Outputted from the monitoring output terminal FR of the voltage control circuit 1 is a monitor signal indicative of the conduction ratio of the field coil 21, which signal is fed to the monitoring input port c of the CPU incorporated in the external control unit 5. In this way, the CPU 51 is capable of monitoring changes of the conduction and nonconduction states (on- and off-states) of the output transistor 101 on the basis of the signal which indicates the state of the monitoring input port c and which is supplied to the CPU 51 via the resistor 55 to thereby determine discriminatively the electrical conduction ratio (which may also be termed the current conduction ratio) of the field coil 21.
Furthermore, when the transistor 56 incorporated in the external control unit 5 is turned on, a control signal is applied to the control input terminal G for changing over the generated voltage, the transistor 112 incorporated in the voltage control circuit 1 is turned off. In this way, the voltage control circuit 1 serves for changing the generated voltage of the vehicle-onboard electric generator 2.

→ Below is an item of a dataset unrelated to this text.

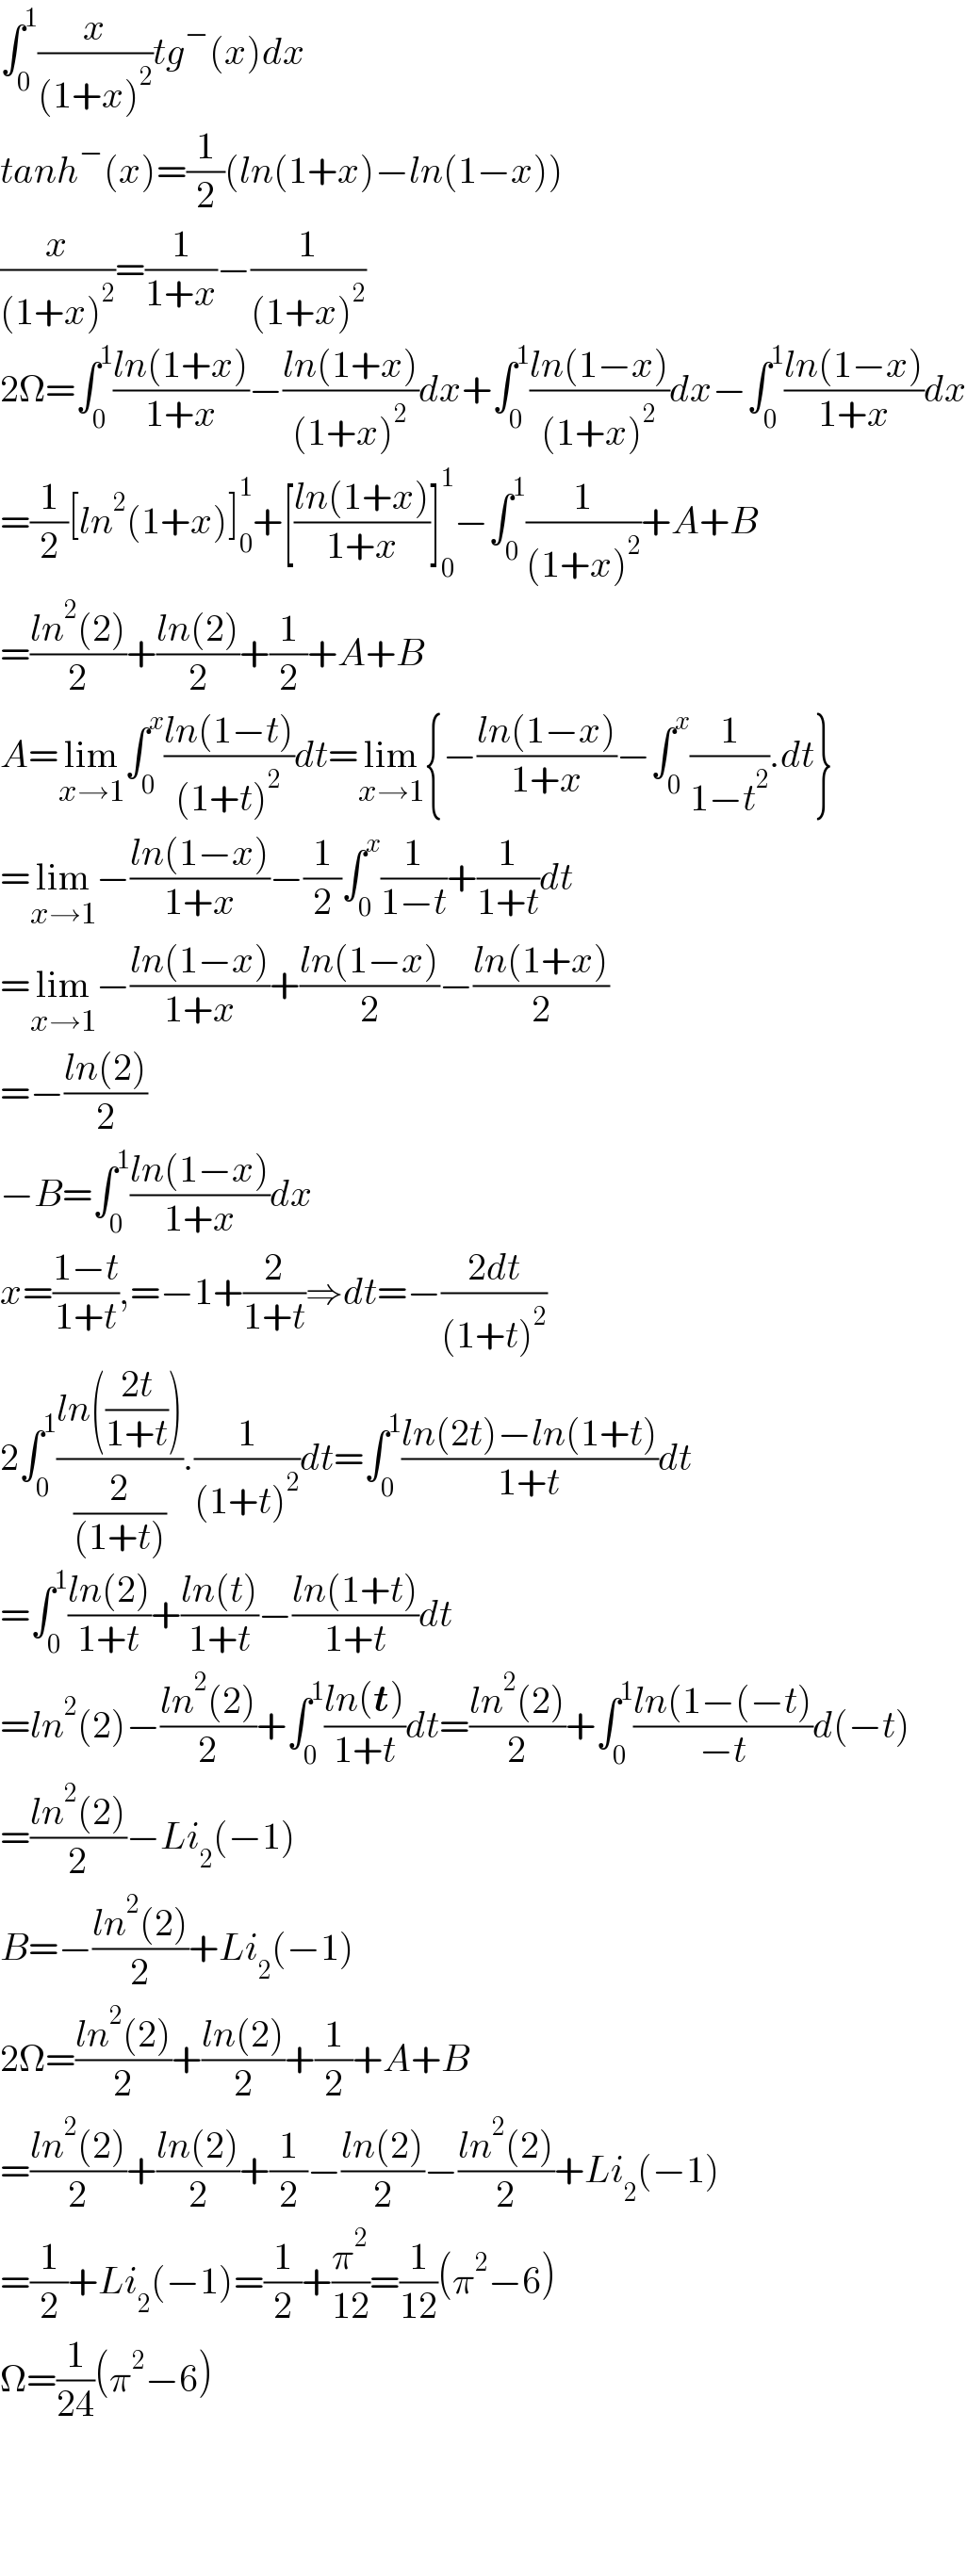 ∫_0 ^1 (x/((1+x)^2 ))tg^− (x)dx  tanh^− (x)=(1/2)(ln(1+x)−ln(1−x))  (x/((1+x)^2 ))=(1/(1+x))−(1/((1+x)^2 ))  2Ω=∫_0 ^1 ((ln(1+x))/(1+x))−((ln(1+x))/((1+x)^2 ))dx+∫_0 ^1 ((ln(1−x))/((1+x)^2 ))dx−∫_0 ^1 ((ln(1−x))/(1+x))dx  =(1/2)[ln^2 (1+x)]_0 ^1 +[((ln(1+x))/(1+x))]_0 ^1 −∫_0 ^1 (1/((1+x)^2 ))+A+B  =((ln^2 (2))/2)+((ln(2))/2)+(1/2)+A+B  A=lim_(x→1) ∫_0 ^x ((ln(1−t))/((1+t)^2 ))dt=lim_(x→1) {−((ln(1−x))/(1+x))−∫_0 ^x (1/(1−t^2 )).dt}  =lim_(x→1) −((ln(1−x))/(1+x))−(1/2)∫_0 ^x (1/(1−t))+(1/(1+t))dt  =lim_(x→1) −((ln(1−x))/(1+x))+((ln(1−x))/2)−((ln(1+x))/2)  =−((ln(2))/2)  −B=∫_0 ^1 ((ln(1−x))/(1+x))dx  x=((1−t)/(1+t)),=−1+(2/(1+t))⇒dt=−((2dt)/((1+t)^2 ))  2∫_0 ^1 ((ln(((2t)/(1+t))))/(2/((1+t)))).(1/((1+t)^2 ))dt=∫_0 ^1 ((ln(2t)−ln(1+t))/(1+t))dt  =∫_0 ^1 ((ln(2))/(1+t))+((ln(t))/(1+t))−((ln(1+t))/(1+t))dt  =ln^2 (2)−((ln^2 (2))/2)+∫_0 ^1 ((ln(t))/(1+t))dt=((ln^2 (2))/2)+∫_0 ^1 ((ln(1−(−t))/(−t))d(−t)  =((ln^2 (2))/2)−Li_2 (−1)  B=−((ln^2 (2))/2)+Li_2 (−1)  2Ω=((ln^2 (2))/2)+((ln(2))/2)+(1/2)+A+B  =((ln^2 (2))/2)+((ln(2))/2)+(1/2)−((ln(2))/2)−((ln^2 (2))/2)+Li_2 (−1)  =(1/2)+Li_2 (−1)=(1/2)+(π^2 /(12))=(1/(12))(π^2 −6)  Ω=(1/(24))(π^2 −6)

The voltage control apparatus for the vehicle-onboard electric generator described above by reference to FIG. 7 however suffers a problem that upon occurrence of abnormality such as disconnection of wiring for the charge lamp 4, the voltage control circuit 1 of the vehicle-onboard generator 2 remains yet to be activated even when the ignition switch 3 is closed, incurring thus such undesirable situation that the vehicle-onboard generator 2 does not start the electric power generating operation even after the engine operation has been started.
Further, as can be seen from the figure, in the case where the control input terminal G for changing over the generated voltage and the monitoring output terminal FR for monitoring the electrical conduction ratio of the field coil 21 are required individually, the amount of wiring inclusive of connectors for both the control input terminal G and the monitoring output terminal FR increases, bringing about a problem in respect to the manufacturing cost of the voltage control apparatus as a whole. Namely, high cost will be involved in manufacturing the voltage control apparatus.

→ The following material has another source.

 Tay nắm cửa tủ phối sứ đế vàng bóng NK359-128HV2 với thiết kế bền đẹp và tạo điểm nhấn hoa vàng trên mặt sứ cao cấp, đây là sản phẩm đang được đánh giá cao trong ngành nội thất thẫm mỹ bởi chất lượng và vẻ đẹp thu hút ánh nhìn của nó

In recent years, there exists a trend of the lamps (or LEDs (Light Emission Diodes)) for charge indication, alternator fault alarm and others being driven by the external control unit 5, replacing the voltage control circuit 1 of the vehicle-onboard generator 2.
Consequently, the lamp input terminal L of the voltage control circuit 1 which is rendered unnecessary for the lamp driving naturally tends to be removed in view of reduction of the wiring cost. In that case, other type of trigger means will have to be provided.

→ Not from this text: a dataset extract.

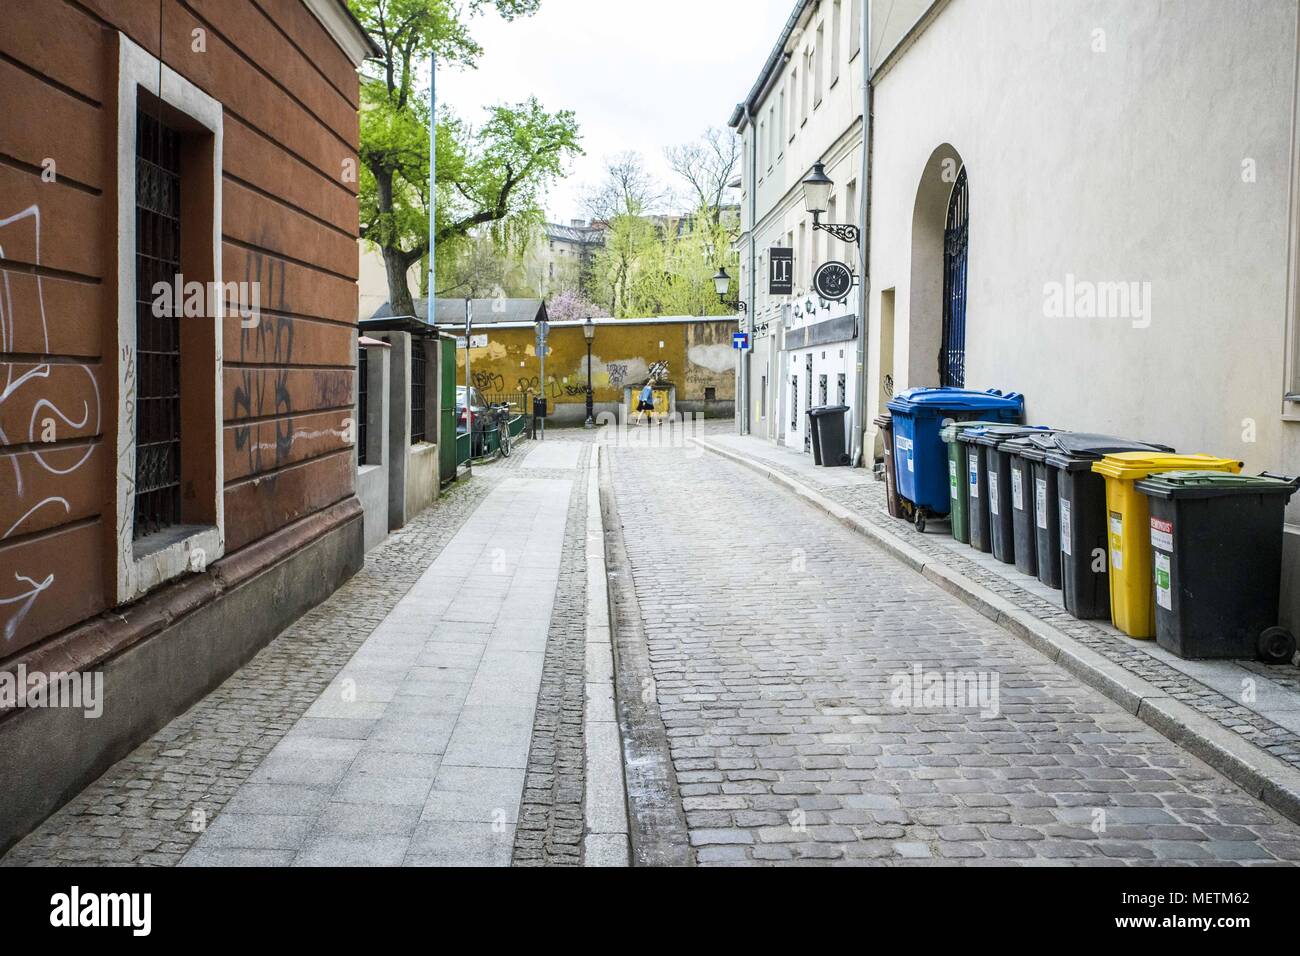 Poznan, Wielkopolska, Poland. 16th Apr, 2018. The everyday life in a large Polish city - the old town. Credit: Dawid Tatarkiewicz/ZUMA Wire/Alamy Live News Stock Photo

As will be appreciated from the foregoing, in the conventional voltage control apparatus for the vehicle-onboard generator, the voltage control circuit 1 is put into operation in response to the trigger signal supplied by way of the charge lamp 4 and the lamp input terminal L. Accordingly, upon occurrence of abnormality in association with the charge lamp 4, operation of the voltage control circuit 1 remains yet to be triggered or started even when the ignition switch 3 is turned on (i.e., closed), thus making it impossible for the vehicle-onboard generator 2 to start the electric power generation to a serious problem.
Besides, it is noted that since the voltage control circuit 1 is provided with not only the lamp input terminal L but also the electric power generation output terminal B, the monitoring output terminal FR and the control input terminal G, respectively, lots of wirings are demanded, which aggravates complexity of circuit arrangement while providing a difficulty in realizing reduction of the manufacturing cost of the voltage control apparatus for the vehicle-onboard generator, giving rise to another problem.